10.1           Termination Rights of the Parties. The Employee may terminate her employment at any time by giving the Employer thirty (30) calendar days’ prior written notice thereof, whereupon such employment shall terminate on the earlier of: (i) the 30th calendar day following the date on which such notice is given to the Employer; or (ii) any date prior to such 30th day that is specified by the Employer by notice to the Employee. The Employer may terminate the Employee’s employment at any time by giving notice of termination to the Employee, whereupon, unless otherwise specified by the Employer, the date of termination of the Employee’s employment shall be the date on which notice of termination is given to the Employee. Upon the death of the Employee or the Employee’s disability such that she is unable to perform her duties as determined, in good faith, by the Board of Directors of the Employer, her employment shall terminate immediately upon such occurrence. Subject to Section 13, the date on which the Employee’s employment terminates hereunder is hereinafter referred to as the “Termination Date”.

 

10.2           Employee’s Right to Compensation Following Termination; Severance Pay.

 

(a)             If the Employee’s employment hereunder terminates for any reason whatsoever, the Employer shall pay her (or, in the case of death, her estate) all accrued but unpaid base salary and vacation pay through and including the Termination Date, which amounts shall be paid to the Employee (or her estate) in a lump sum as of such Termination Date. Subject to the terms and conditions of this Agreement, the Employee shall also be entitled to such other benefits for which she is eligible under the terms and conditions of the Employer’s employee benefit plans, stock options arrangements, and any applicable law.

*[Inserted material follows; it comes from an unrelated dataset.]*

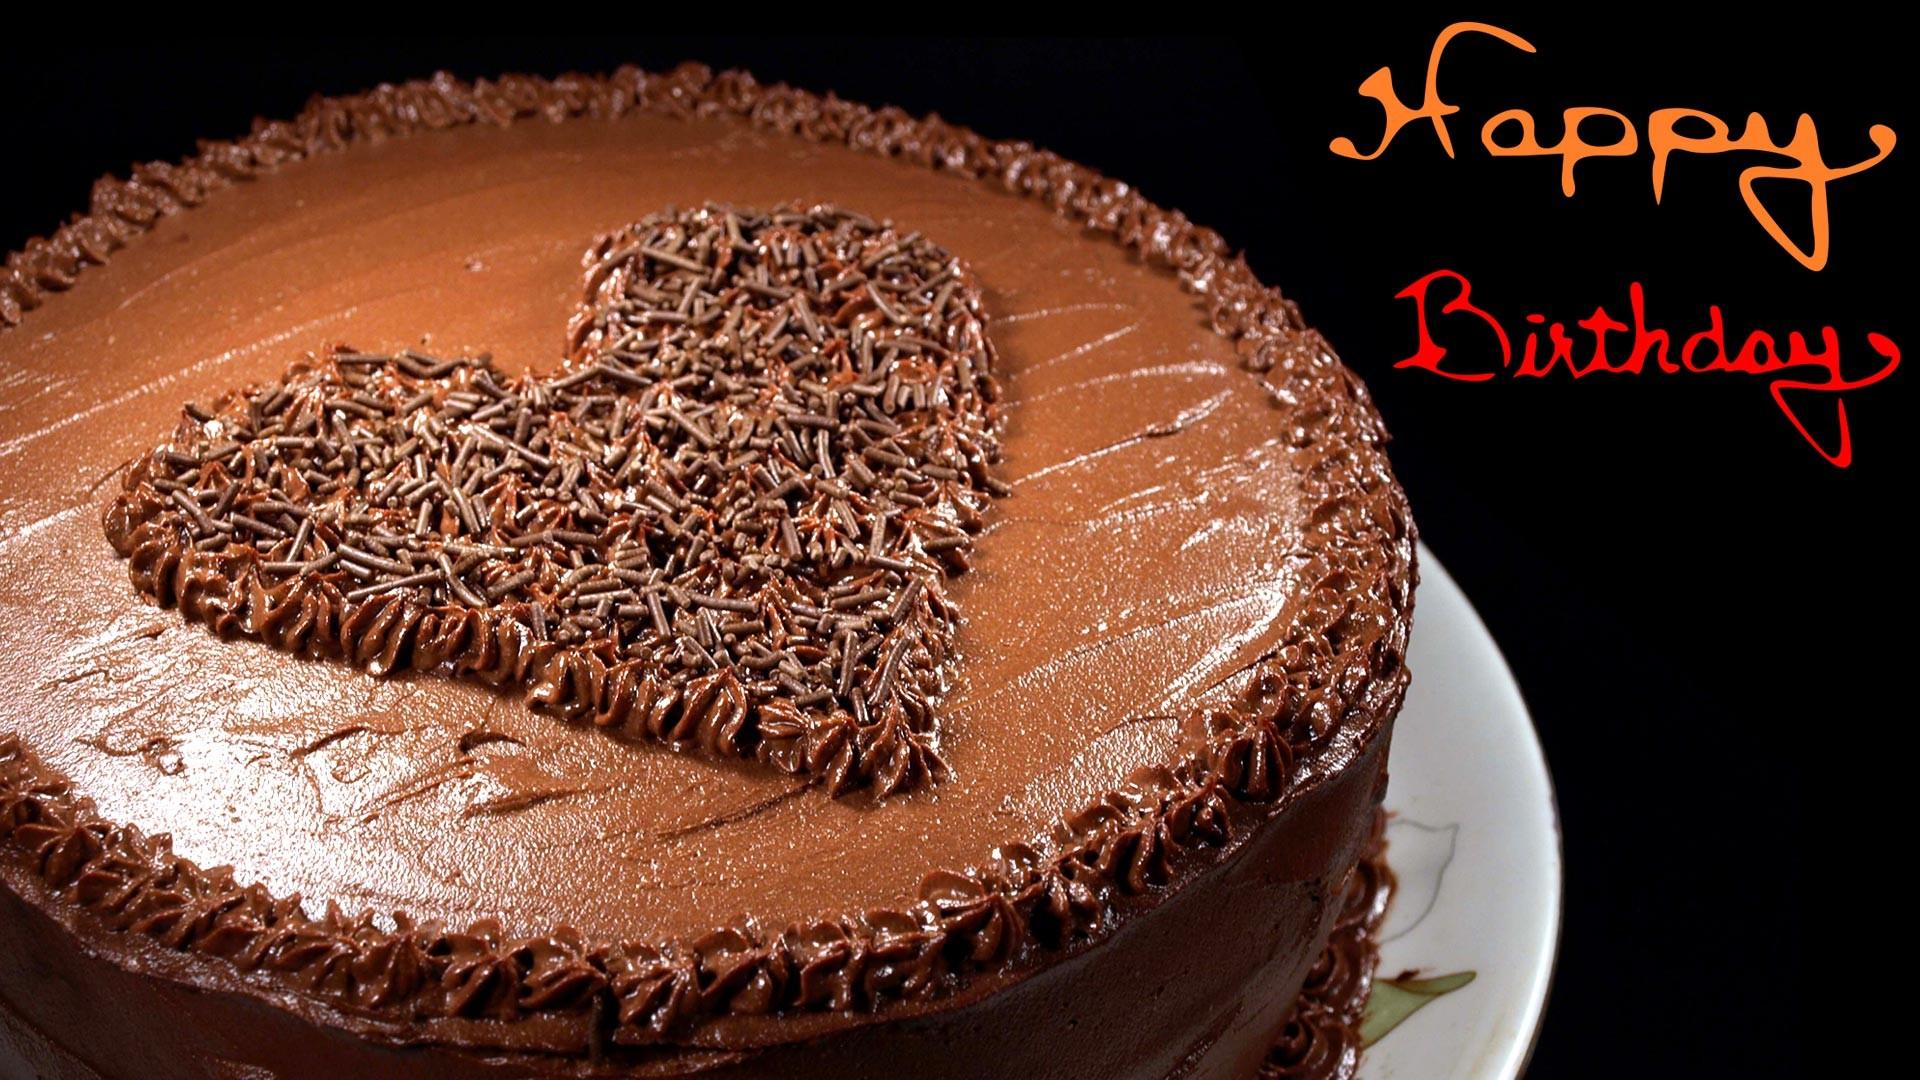 Happy Birthday Chocolate Cake Wallpaper Hd Desktop - Happy Birthday Best Friend Tamil , HD Wallpaper & Backgrounds

The accrued compensation and benefits described in this Section 10.2(a) are collectively referred to as the “Accrued Benefits.”

 

(b)            If (i) the Employee voluntarily terminates her employment hereunder without Good Reason (as defined in Section 10.2(e) below) or (ii) the Employee’s employment hereunder terminates by reason of her death or disability or (iii) the Employer terminates the employment of the Employee, at any time, for Cause, then, other than the Accrued Benefits, neither the Employee nor her estate, heirs or other successors shall be entitled to severance pay or other benefits under this Agreement after the Termination Date.

 

(c)            If the employment of the Employee is terminated by the Employer for any reason other than for Cause (as defined in Section 10.2(e) below) at any time or if the employment of the Employee is terminated by the Employee for Good Reason then, subject to Sections 10.3 and 13 and subsection (d) hereof, and in addition to the Accrued Benefits, the Employee shall be entitled to: (i) severance pay in the form of a continuation of the periodic payment of her salary for a period of six (6) months from the Termination Date; and (ii) an amount equal to the product of (A) the maximum performance bonus, pursuant to Section 8.2, that she would have been eligible to receive for the year in which such termination occurs, assuming achievement by the Employer (or otherwise) of all applicable performance targets at the “target” level, multiplied by (B) 0.5, which shall be payable no later than the last installment of her severance. The continued salary payments referred to in the foregoing clause (i) shall be made in accordance with the Employer’s standard payroll practices and timing as in effect from time to time.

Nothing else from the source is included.